Cumulative survival rate was studied by intrahepatic tumor size, average SUV, isometabolic HCC, and extrahepatic metastasis after dividing average SUV group into two groups by the cutoff 3.4. The survival rate was significantly higher in group with tumor size < 5 cm (1-year survival rate; 69.1% vs 25.9%, P = 0.000) (Figure 3A), average SUV < 3.4 (1-year survival rate; 57.1% vs 19.2%, P = 0.000) (Figure 3B), and isometabolic HCC (1-year survival rate; 78.0% vs 28.3%, P = 0.000) (Figure 3C). There were 2 clinical factors that affected survival rate of HCC by Cox proportional hazard analysis. Child-pugh class [class B: odds ratio (OR) 4.784, CI: 2.575-8.891, P = 0.000; class C: OR 10.787, CI: 3.579-32.511, P = 0.000] and metastases (OR 2.069, CI: 1.152-3.715, P = 0.015) were significantly associated with survival rate (Table 5).
Odds ratio | CI | P value | |
Child class B | 4.784 | 2.575-8.891 | 0.000 |
Child class C | 10.787 | 3.579-32.511 | 0.000 |
AFP (> 200 ng/mL) | 1.825 | 0.998-3.338 | 0.051 |
Tumor size (> 5 cm) | 1.004 | 1.000-1.009 | 0.060 |
Metastases | 2.069 | 1.152-3.715 | 0.015 |
Several investigators quantitatively evaluated glucose utilization in HCC with 18F-FDG PET/CT scan and showed its usefulness for assessing characterization of tumor[17]. Increased tumor 18F-FDG uptake is highly reflected the enzymatic activity of glucose metabolism and the histologic grading of HCC[17,18]. Well-differentiated HCC cells exhibit an 18F-FDG metabolism similar to that of normal liver tissue, whereas undifferentiated HCC cells do not do so[17,19]. 18F-FDG PET/CT scan was not sensitive than ultrasound and serum AFP levels for diagnosing HCC in HBV carriers[14]. Because of its limitations for intrahepatic lesions, 18F-FDG PET/CT scan is not suitable as a screening tool for detection of intrahepatic recurrence after tumor resection or liver transplantation[16].
In our study, 45 of 138 patients (32.6%) with HCC did not have 18F-FDG uptake. Isometabolic HCC tended to be histologically low-grade (P = 0.061) and showed superior survival rate (P = 0.000). In this aspect, 18F-FDG PET/CT scan might be useful for the prediction of outcome in patients with hepatocellular carcinoma. Yang et al[20] reported PET imaging could be a good preoperative tool for estimating the post-LT risk of tumor recurrence. It reported the overall survival rate was significantly lower in high SUV and high TNR group. Especially, TNR was independent predictor of survival in HCC patients in multivariate analysis[18,21]. The blood glucose level is often high in patients with cirrhosis[22], affecting the SUV in the tumor region[23]. Therefore, TNR, tumor-to-nontumor SUV ratio more strongly correlated with characteristics of HCC than SUV[21]. In our study, the cumulative survival rate in the group with average SUV less than 3.4 was significantly higher than in the group with average SUV more than 3.4.
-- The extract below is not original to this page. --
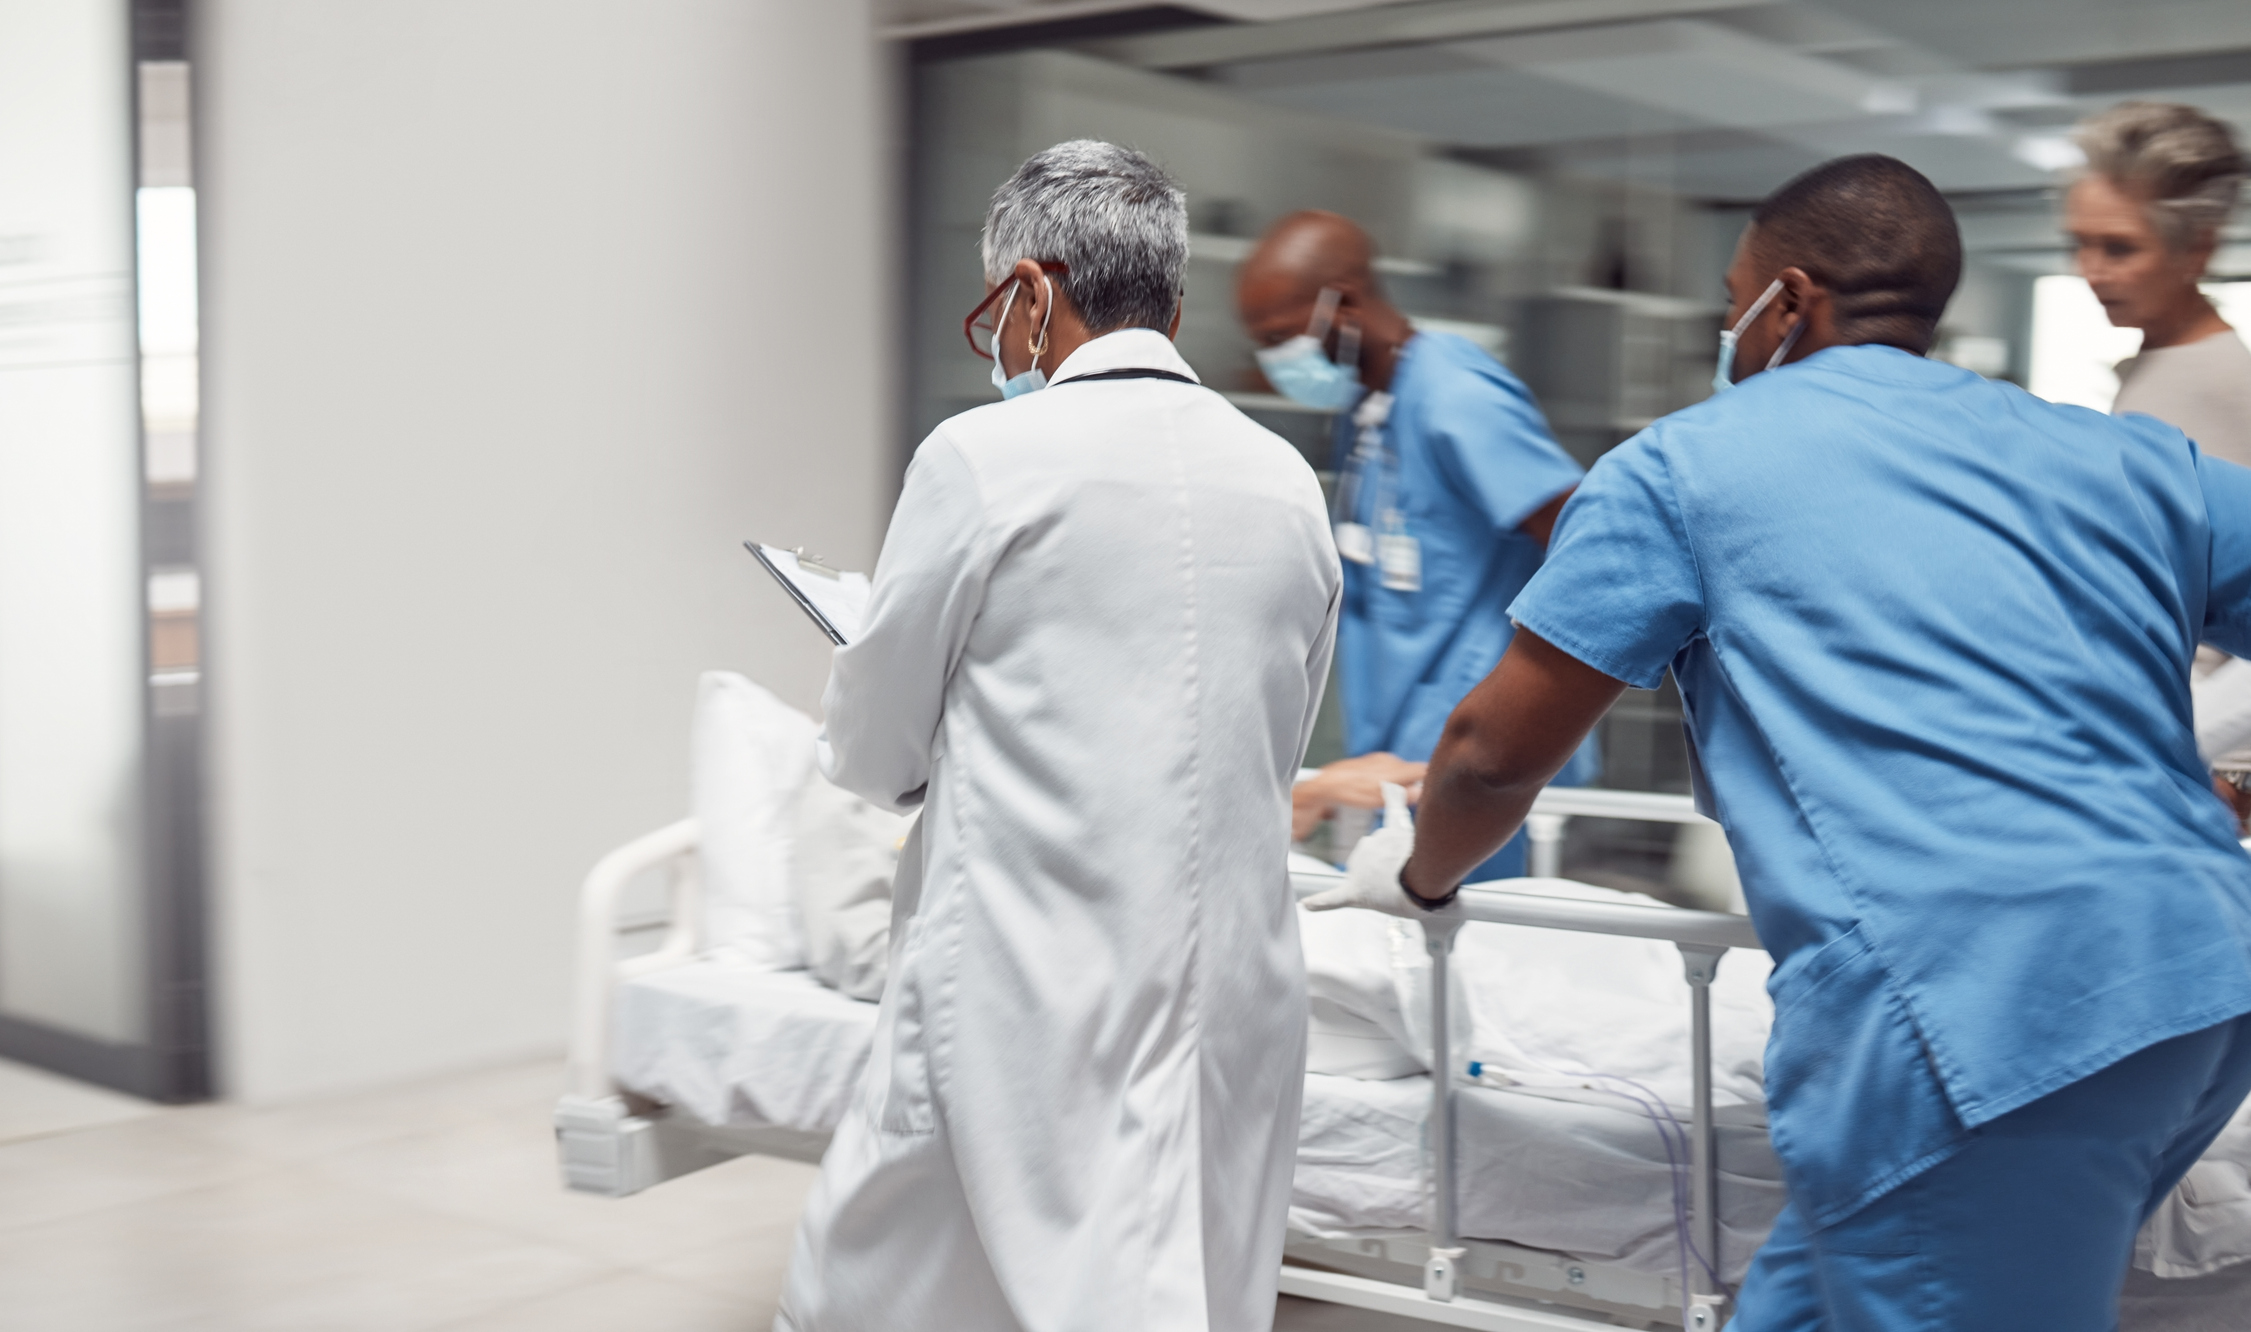 Ocupados, profissionais de saúde e médicos correm com paciente em maca, pronto para procedimento no hospital.

Extrahepatic metastases of HCC was occurred in 36.2% (29.5% in treatment-naïve patients) in our study which have been reported to occur in 13.5%-42%[24-27]. Major metastatic sites from HCC are the lung, lymph nodes, bone, and adrenal gland consistent with other reports[24-26,28].
It is known that lungs are both the most common site of metastases and the most common site of the first detectable metastases[16,24,25,28]. Chest X-ray is inexpensive, may serve as a baseline investigation to evaluate abnormalities, however, the detection rate of pulmonary metastases is low. Gielen et al[29] reported 10/19 patients with pulmonary metastases were not identified with chest X-ray in patients with colorectal cancer. To compare chest CT with 18F-FDG PET/CT scan, the accuracy of chest CT was higher than 18F-FDG PET/CT scan in our study. The detection rate of 18F-FDG PET/CT scan was only 20% when metastatic pulmonary nodule < 1 cm. Therefore, to detect early lung metastases from HCC, chest CT should be performed at regular intervals.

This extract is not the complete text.